Cytokine production by the Th1 and Th2 subsets have been associated with susceptiblity to infectious, allergic, and autoimmune diseases. Understanding the molecular events which control lineage-specific cytokine expression would provide useful tools to modulate the Th1/Th2 response. IL- 4 production by Th2 cells is regulated by NFAT and the NFAT cofactor, NIP45. We have shown that arginine methylation of NIP45 facilitates its interaction with NFAT and augments IL-4transcription. Our data positioned the arginine methyltransferase PRMT1 downstream of the T cell receptor, suggesting that arginine methylation may be an important modification in immune receptor signaling pathways. Arginine methylation is countered by the actions of peptidylarginine deiminase 4 (PAD4). The five PAD enzymes convert arginine residues within proteins into the atypical amino acid citrulline. PAD4 is expressed mainly in lymphocytes. We have found that NIP45 methylation is negatively regulated by PAD4 via citrullination of arginine residues, which prevents the ability of NIP45 to be methylated by PRMT1. PAD4 expression dramatically reduces NIP45-induced IL-4promoter activity. Therefore, we hypothesize that through actions on NIP45 and other regulatory proteins that PAD4 controls Th cell cytokine expression.The specific aimsare: 1) Determine the mechanism by which PAD4 antagonizes NIP45-mediatedinduction of Th cell cytokine production. We will (i) determine the modified arginine residues in NIP45 by mass spectrometry, (ii) determine how PAD4 influences NIP45 activity by studying the effects of PAD4 on the NIP45/NFAT interaction, (iii) determine whether citrullination within NIP45 serves a function other than preventing methylation. 2) Investigate the regulation of PAD4 activity. We will: (i) determine the PAD4 expression pattern in Th cells, (ii) determine whether PAD4 activity is regulated in Th cells, (iii) determine whether PAD4, itself, is regulated by arginine methylation. 3) Analyzethe phenotype of PAD4 deficient mice. We will create mice in which exons 7-13 of PAD4 are flanked by loxP sites so that we can ablate PAD4 expression in the T lineage using CD4-Cre Tg mice. These mice will allow us to determine the role of PAD4 in Th cell function.
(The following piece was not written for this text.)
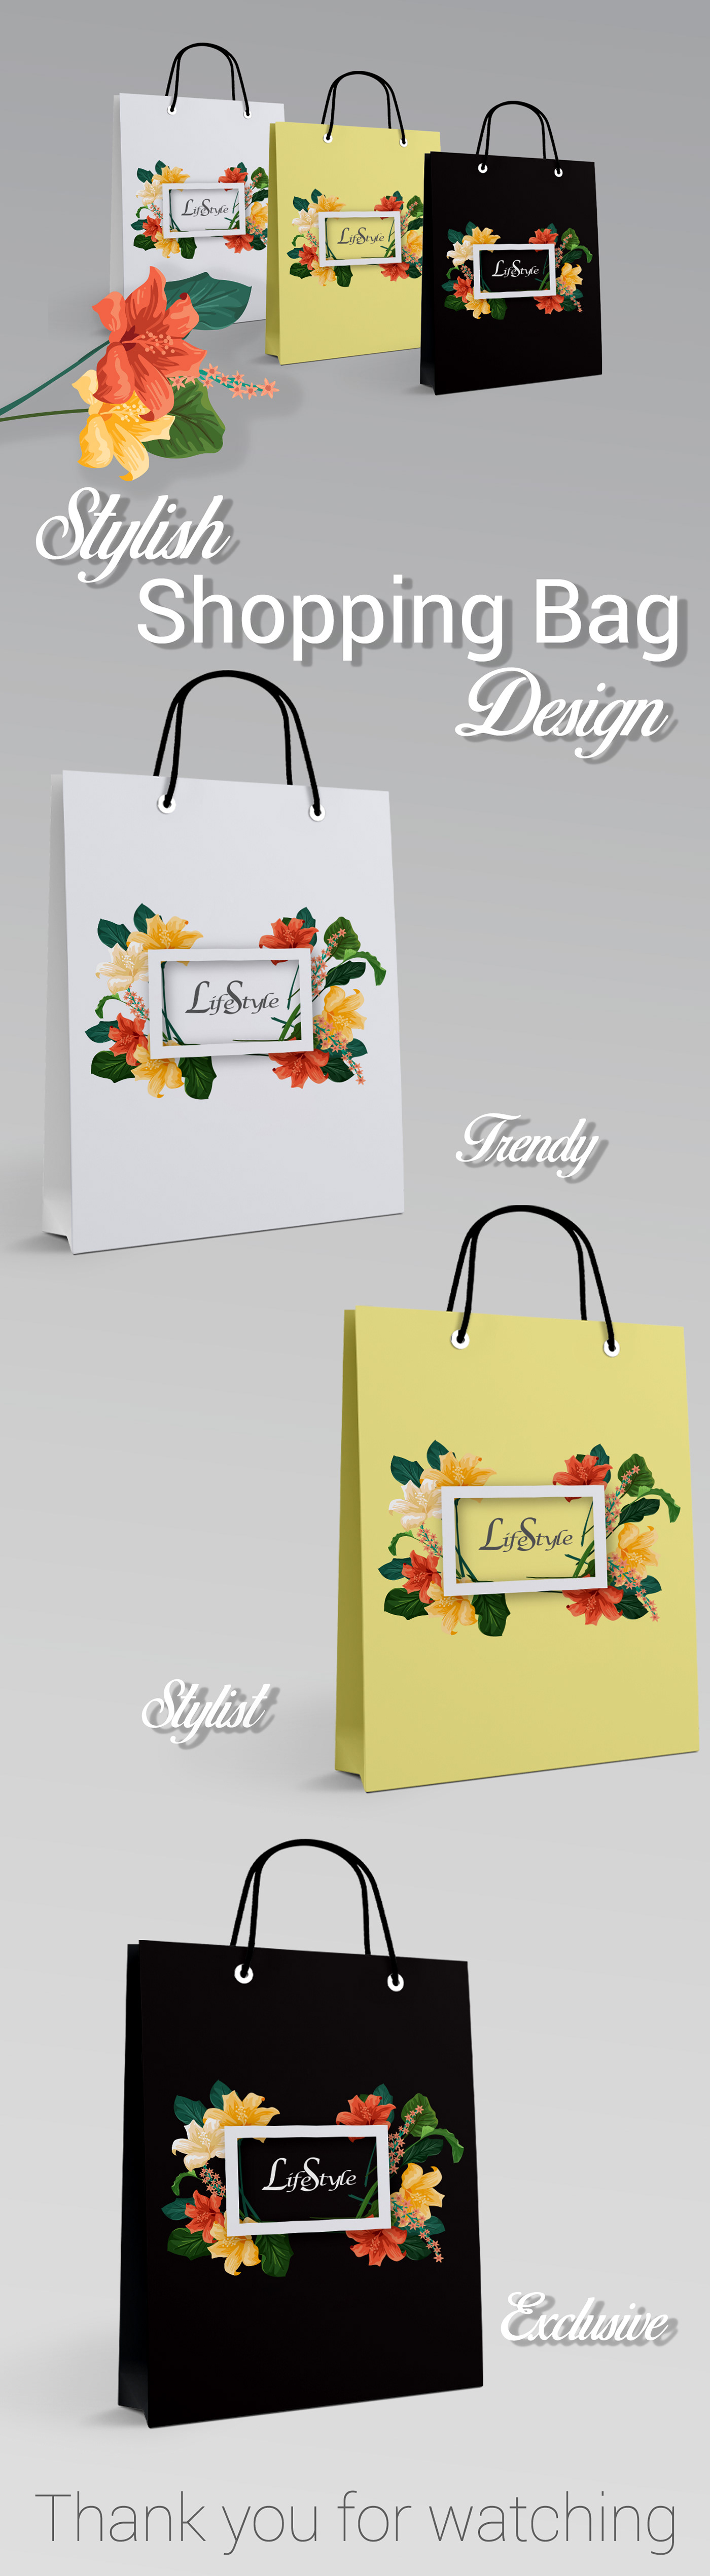 shopping bag emrul designeremrul priyocanvas bag design packaging design

Th1 和 Th2 亚群产生的细胞因子与对以下疾病的易感性相关： 传染性、过敏性和自身免疫性疾病。了解控制的分子事件 谱系特异性细胞因子表达将为调节 Th1/Th2 反应提供有用的工具。白细胞介素- Th2 细胞产生的 4 蛋白受 NFAT 和 NFAT 辅助因子 NIP45 调节。我们已经证明 NIP45 的精氨酸甲基化促进其与 NFAT 的相互作用并增强 IL-4 转录。 我们的数据将精氨酸甲基转移酶 PRMT1 定位在 T 细胞受体的下游， 表明精氨酸甲基化可能是免疫受体信号传导的重要修饰 途径。精氨酸甲基化可通过肽基精氨酸脱亚胺酶 4 (PAD4) 的作用来抵消。 五种 PAD 酶将蛋白质内的精氨酸残基转化为非典型氨基酸瓜氨酸。 PAD4主要在淋巴细胞中表达。我们发现NIP45甲基化呈负向 PAD4 通过精氨酸残基的瓜氨酸化来调节，从而阻止 NIP45 被 被 PRMT1 甲基化。 PAD4 表达显着降低 NIP45 诱导的 IL-4 启动子活性。 因此，我们假设通过对 NIP45 和其他调节蛋白的作用 PAD4控制Th细胞细胞因子的表达。具体目标是： 1) 确定PAD4拮抗NIP45介导的Th细胞诱导的机制 细胞因子的产生。我们将 (i) 按质量确定 NIP45 中修饰的精氨酸残基 光谱分析法，(ii) 通过研究 PAD4 的影响来确定 PAD4 如何影响 NIP45 活性 关于 NIP45/NFAT 相互作用，(iii) 确定 NIP45 内的瓜氨酸化是否起到 除了防止甲基化之外还有其他功能。 2) 研究PAD4活性的调节。我们将： (i) 确定 PAD4 表达模式 在 Th 细胞中，(ii) 确定 PAD4 活性是否在 Th 细胞中受到调节，(iii) 确定是否 PAD4 本身受精氨酸甲基化调节。 3)分析PAD4缺陷小鼠的表型。我们将创建小鼠，其中外显子 7-13 PAD4 两侧是 loxP 位点，因此我们可以使用以下方法消除 T 谱系中的 PAD4 表达 CD4-Cre Tg 小鼠。这些小鼠将使我们能够确定 PAD4 在 Th 细胞功能中的作用。